### Data excerpt ###

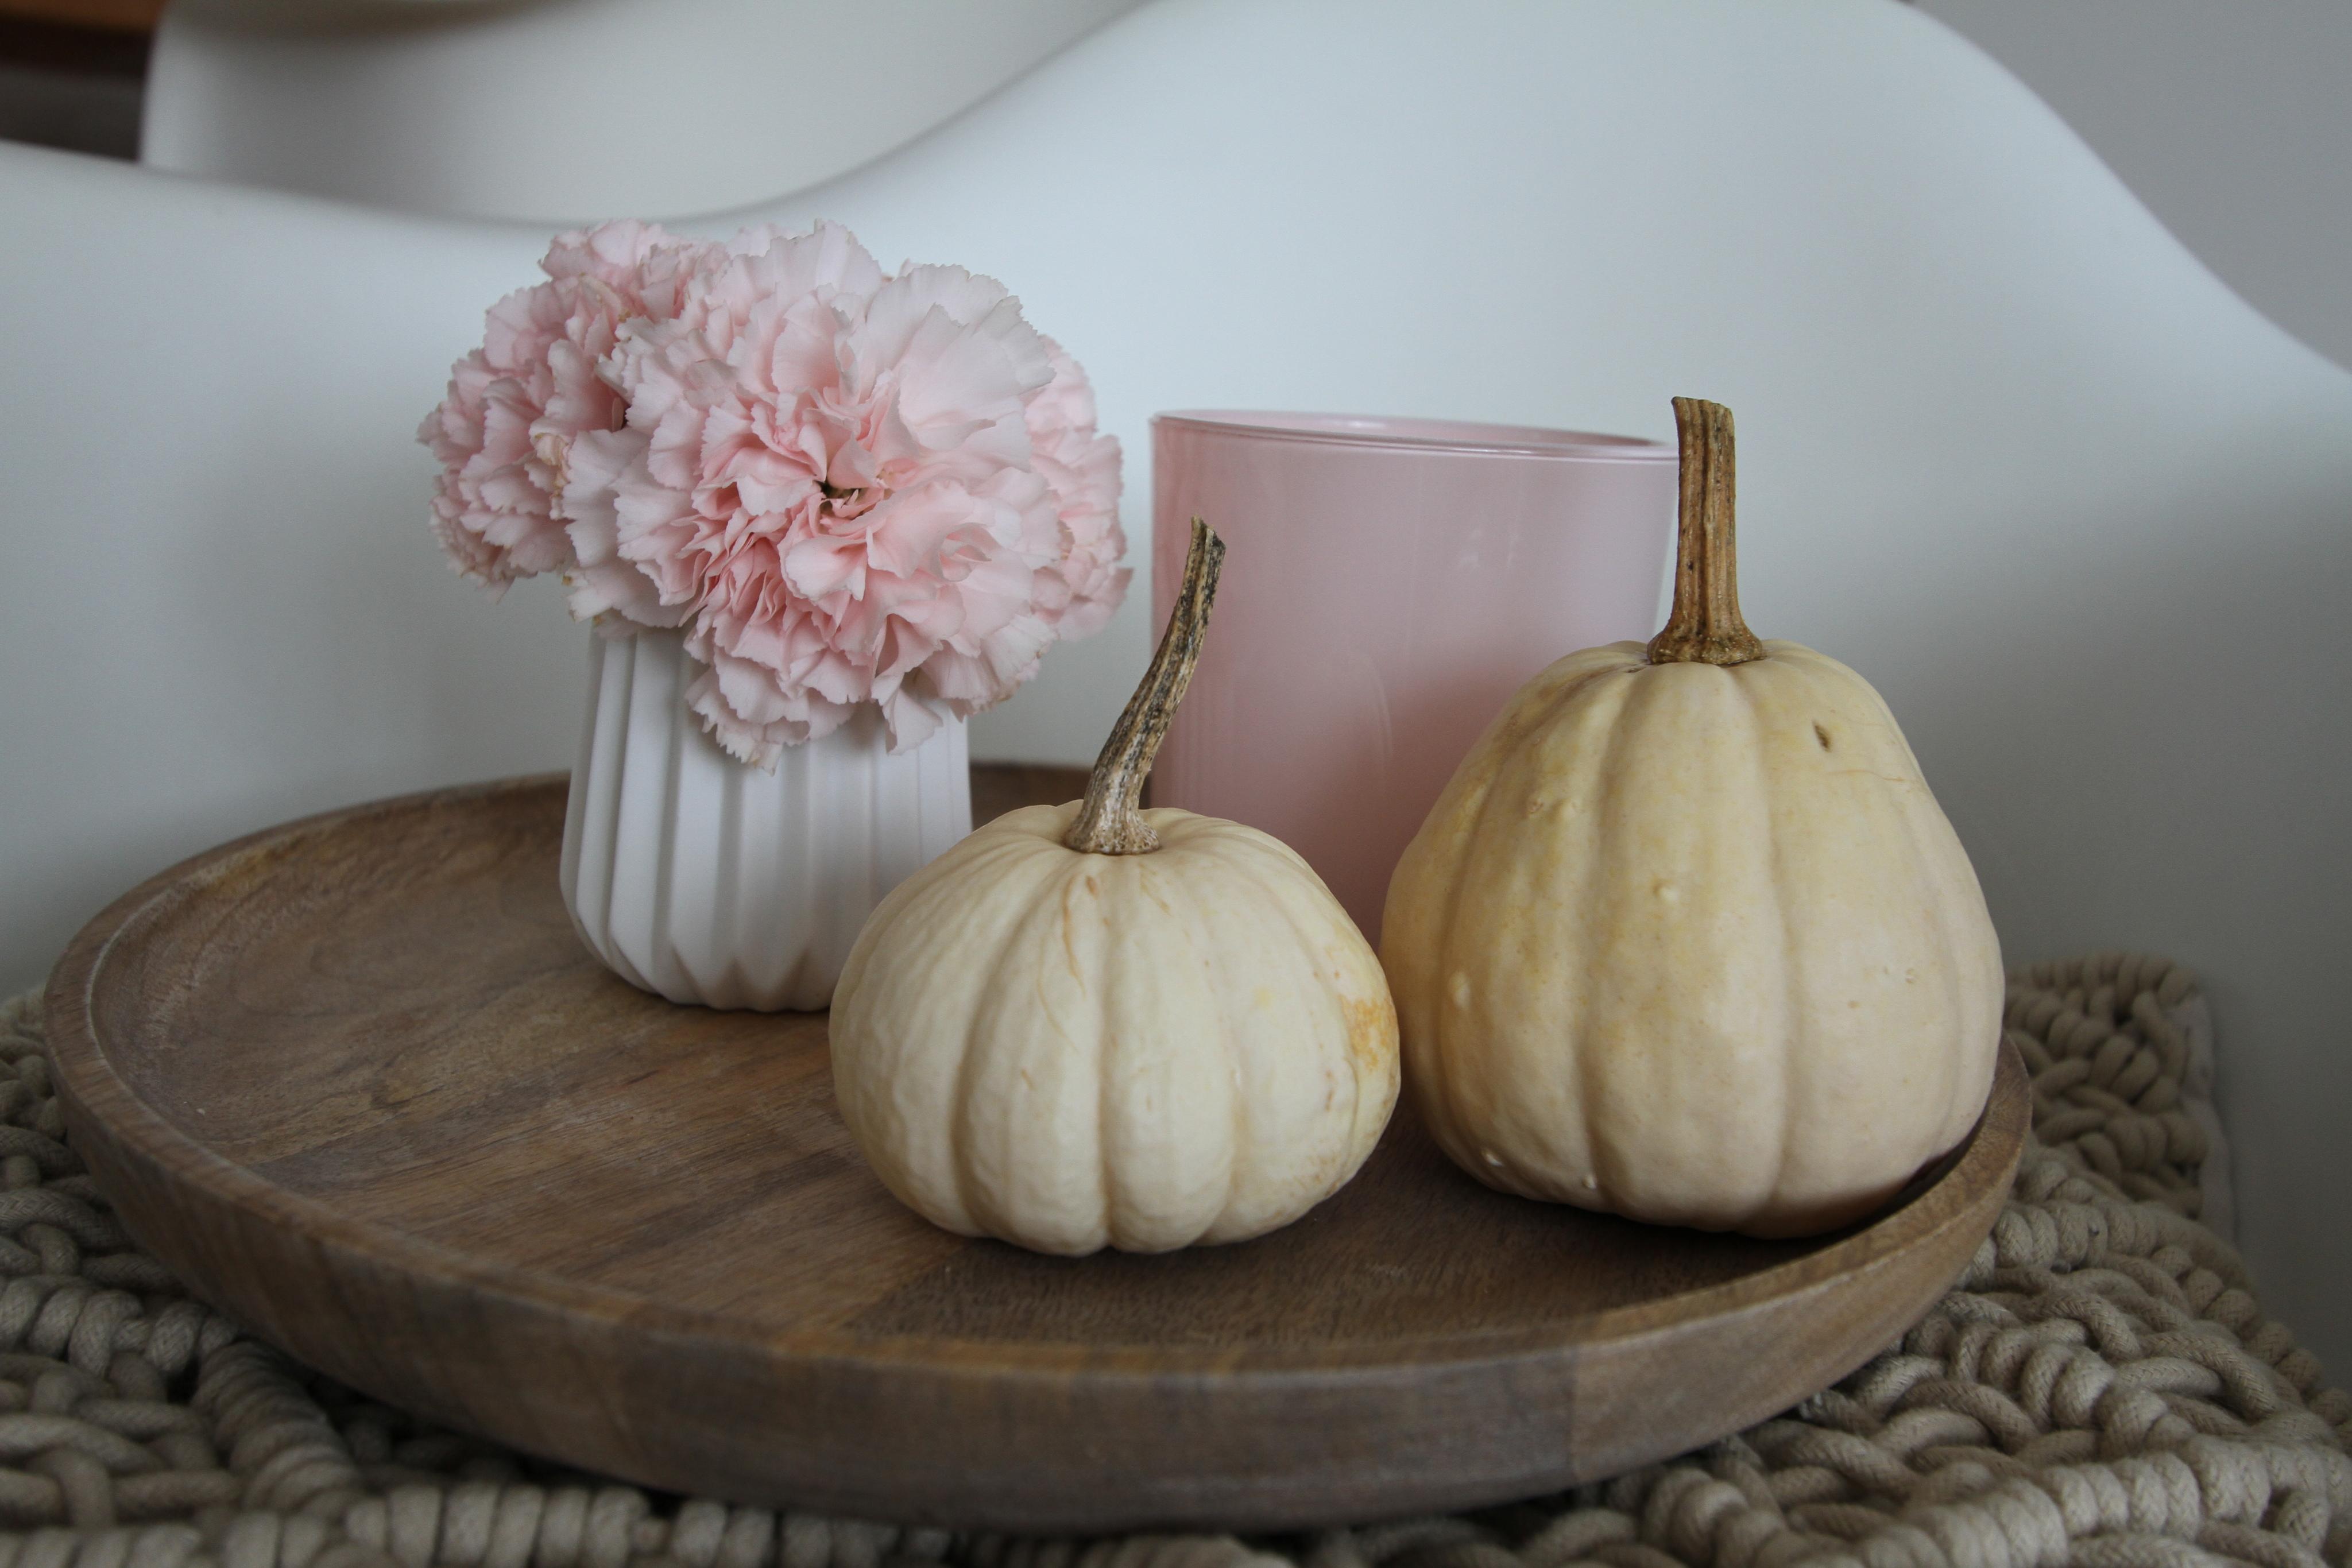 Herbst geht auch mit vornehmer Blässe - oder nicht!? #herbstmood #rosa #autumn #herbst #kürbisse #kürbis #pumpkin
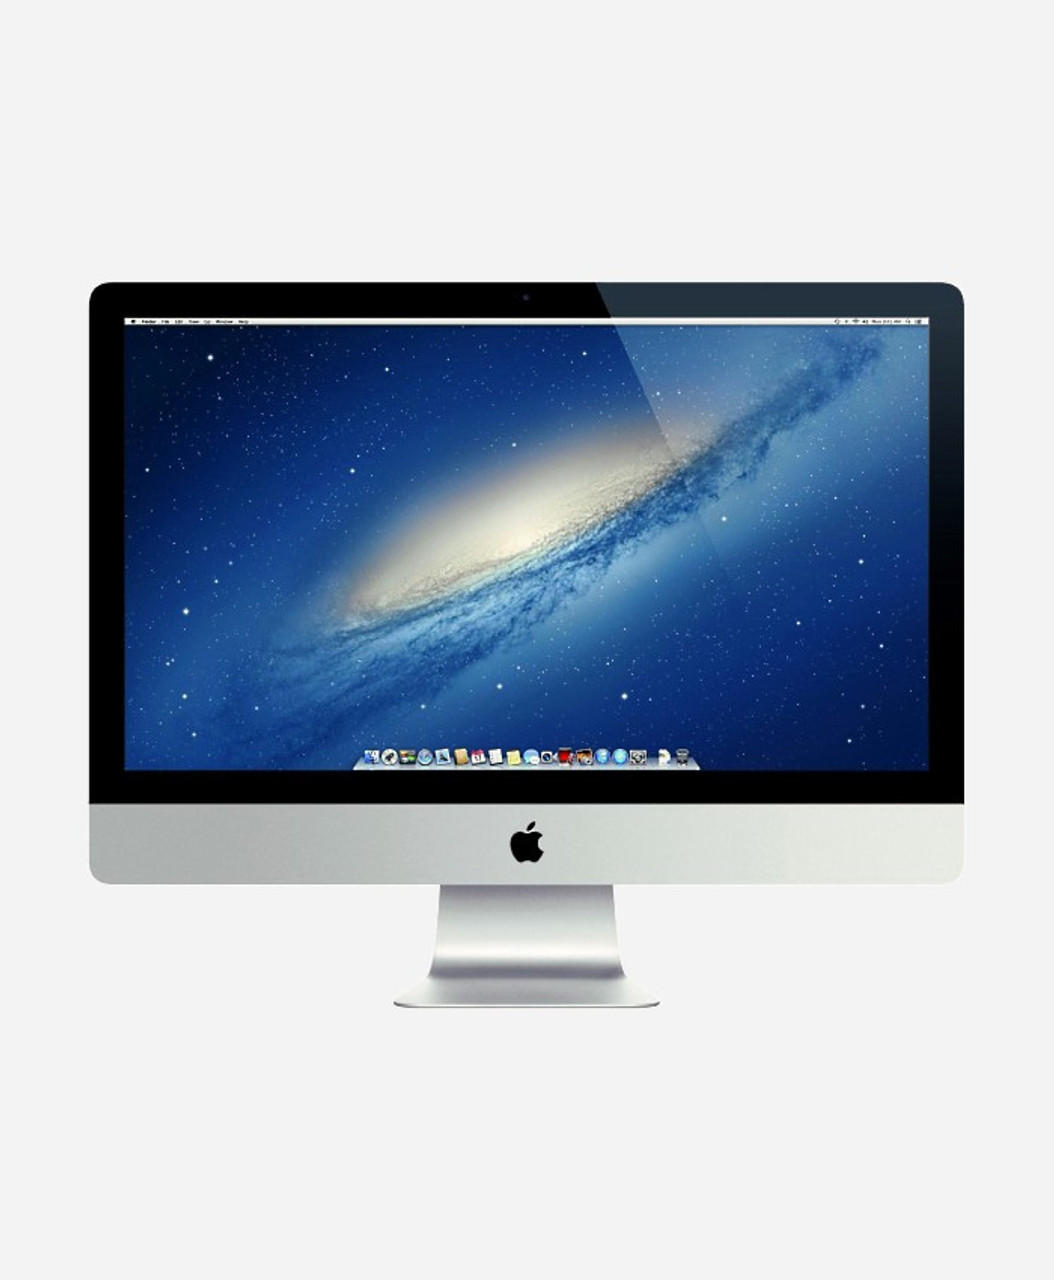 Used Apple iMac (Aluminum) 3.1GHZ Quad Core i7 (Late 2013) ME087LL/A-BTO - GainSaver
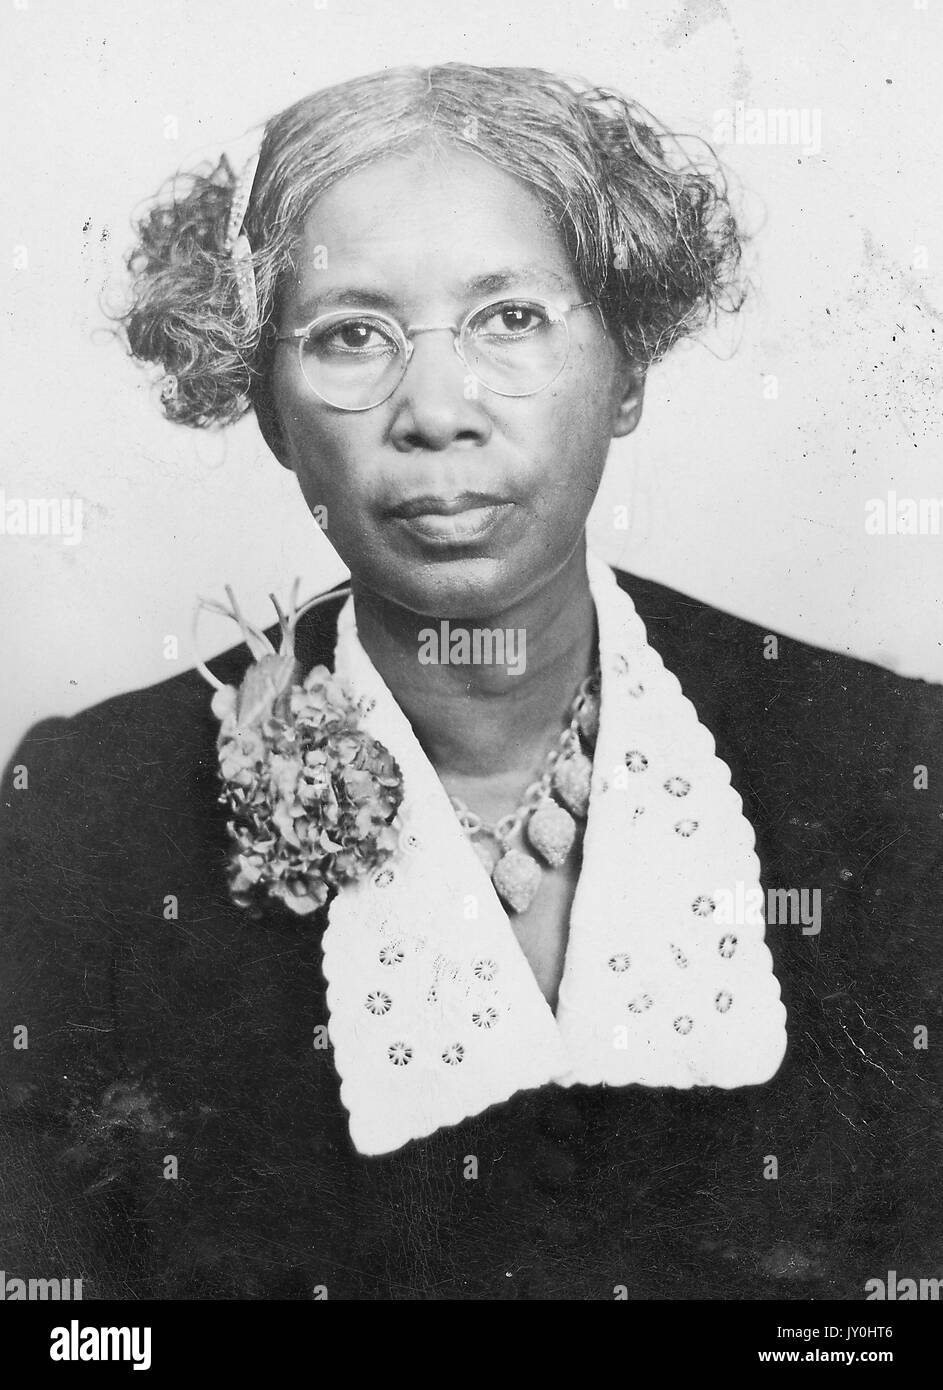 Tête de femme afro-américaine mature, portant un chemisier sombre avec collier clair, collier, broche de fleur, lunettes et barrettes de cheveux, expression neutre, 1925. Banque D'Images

###

== Exercise ==
Exactly as they appear, print the lines of the listing above from its first line through the line that contains "Used Apple iMac", minus the pictures.

== Finished task ==
 Herbst geht auch mit vornehmer Blässe - oder nicht!? #herbstmood #rosa #autumn #herbst #kürbisse #kürbis #pumpkin
 Used Apple iMac (Aluminum) 3.1GHZ Quad Core i7 (Late 2013) ME087LL/A-BTO - GainSaver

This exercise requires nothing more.